Immunocytochemistry and Confocal Imaging—Cells attached to culture dishes were washed twice with phosphate-buffered saline and fixed with 4% paraformaldehyde. For mitochondrial detection, cells were treated for 15 min with 0.5 mg/ml MitoTracker Red (Molecular Probes). After washing with phosphate-buffered saline, the cells were additionally fixed for 5 min with 4% paraformaldehyde, permeabilized with 0.05% Triton X-100, and incubated with mouse monoclonal anti-sAC antibody, followed by treatment with Alexa 488-conjugated donkey anti-mouse IgG (Dianova). The cells were examined with a Leica TCS SP2 laser scanning confocal microscope. Series of confocal optical sections were taken at 0.5-μm intervals using a Leica Planapo 63/1.4 objective lens. Each recorded image was taken using dual-channel scanning and consisted of 1024 × 1024 pixels.
For quantitative analysis of co-localization of sAC with mitochondria, four cultures per group were used. The confocal settings had been standardized for all experimental groups to ensure that the images collected demonstrated a full range of fluorescence intensity from 0 to 255 intensity levels and were kept constant for recording of data in all measurements.
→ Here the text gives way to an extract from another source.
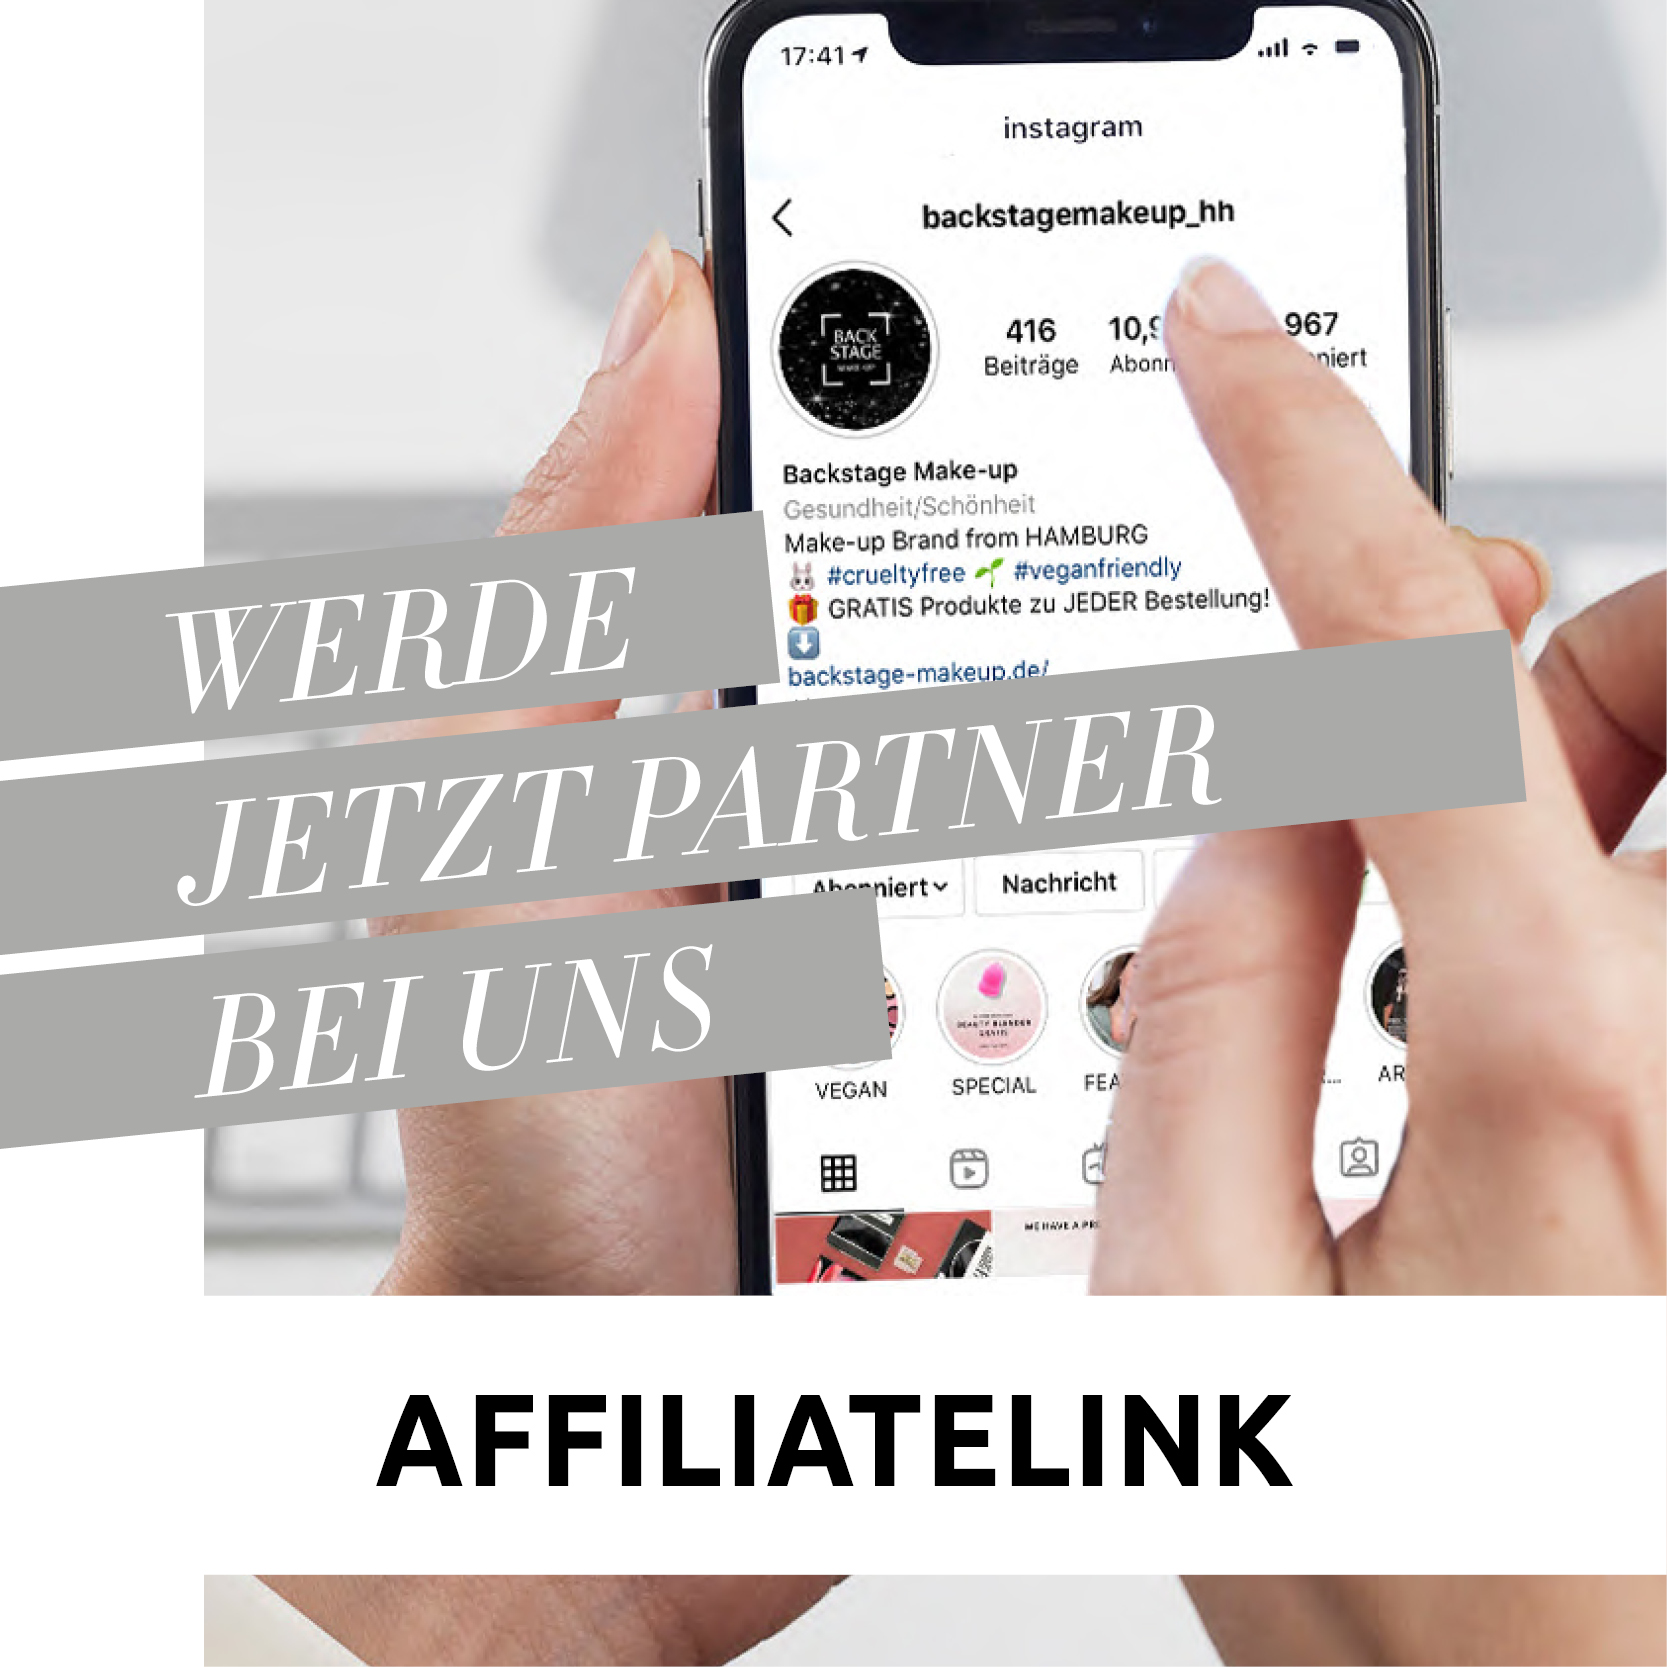 Affiliatelinks - Backstage's Partnerprogramm

Ten randomly selected fields with 80–120 cells per field were investigated per each culture. Confocal images were transferred as binary data to a Silicon Graphics workstation to display the histograms of fluorescence intensity distribution and to calculate the percentage of co-localization in the Voxel Shop and Colocalization programs (Bitplane AG, Zürich, Switzerland).
Cellular cAMP Analysis—Analysis of the total cellular cAMP content was performed immediately after 2 h of acidic treatment using the cAMP (direct) enzyme immunoassay kit from Assay Designs. Preparation of cell extracts and cAMP measurement were performed according to the manufacturer's protocol. The measured absorbance at 405 nm was used to calculate the concentration of cAMP, applying a calibration curve.
Statistical Analysis—Data are given as means ± S.E. Comparison of means between the groups was performed by one-way analysis of variance, followed by the Bonferroni post hoc test. Statistical significance was accepted when p was <0.05.
RESULTS
sAC Is Involved in Simulated Ischemia- or Acidosis-induced Apoptosis of EC—Under control conditions, i.e. incubation of EC in cell culture medium supplied with 2% serum for 16 h, only a few apoptotic cells (4.2 ± 0.7%, n = 10) and no significant caspase-3 activity were found. Exposure to simulated in vitro ischemia, i.e. glucose-free anoxia in combination with acidosis (pH 6.4), for 3 h led to a significant increase in the number of apoptotic cells (28.3 ± 1.6%, n = 11) and caspase-3 activity (Fig. 1A). To examine the role of sAC in EC apoptosis, treatment with the selective sAC inhibitor KH7 (10 μmol/liter) was performed (15). Previous studies demonstrated that KH7 at a similar range of concentrations inhibits sAC in various cell types (15, 18). In our model, KH7 applied at concentrations of 1–100 μmol/liter revealed a marked anti-apoptotic effect and no necrotic effect at 10 μmol/liter (data not shown). Inhibition of sAC with KH7 during ischemic treatment abolished the acidosis-induced increase in the caspase-3 activity and significantly reduced the number of apoptotic cells (Fig. 1A). Similarly, treatment with the pan-caspase inhibitor benzyloxycarbonyl-VAD-fluoromethyl ketone during simulated ischemia prevented EC apoptosis, demonstrating the caspase-dependent apoptosis in EC induced by ischemic stress.
FIGURE 1.
Apoptosis of EC is abolished by suppression of sAC. A, exposure to simulated ischemia (SI; glucose-free anoxia at pH 6.4) induced an increase in caspase-3 activity and the number of apoptotic cells (Hoechst 33342 staining of nuclei) compared with control cells (Con), which was suppressed by inhibition of sAC (10 μmol/liter KH7). A similar effect was found upon treatment with the pan-caspase inhibitor benzyloxycarbonyl-VAD-fluoromethyl ketone (zVAD-fmk; 50 μmol/liter). B, exposure to acidosis (Ac) induced an increase in caspase-3 activity and the number of apoptotic cells (Hoechst 33342 staining of nuclei), which was suppressed by inhibition of sAC (10 μmol/liter KH7). The effects of KH7 treatment were abolished by addition of the cAMP analog 8-bromo-cAMP (8Br; 30 μmol/liter). Values are means ± S.E. (n = 7–11). *, p < 0.05 versus simulated ischemia or acidosis. a.u., arbitrary units.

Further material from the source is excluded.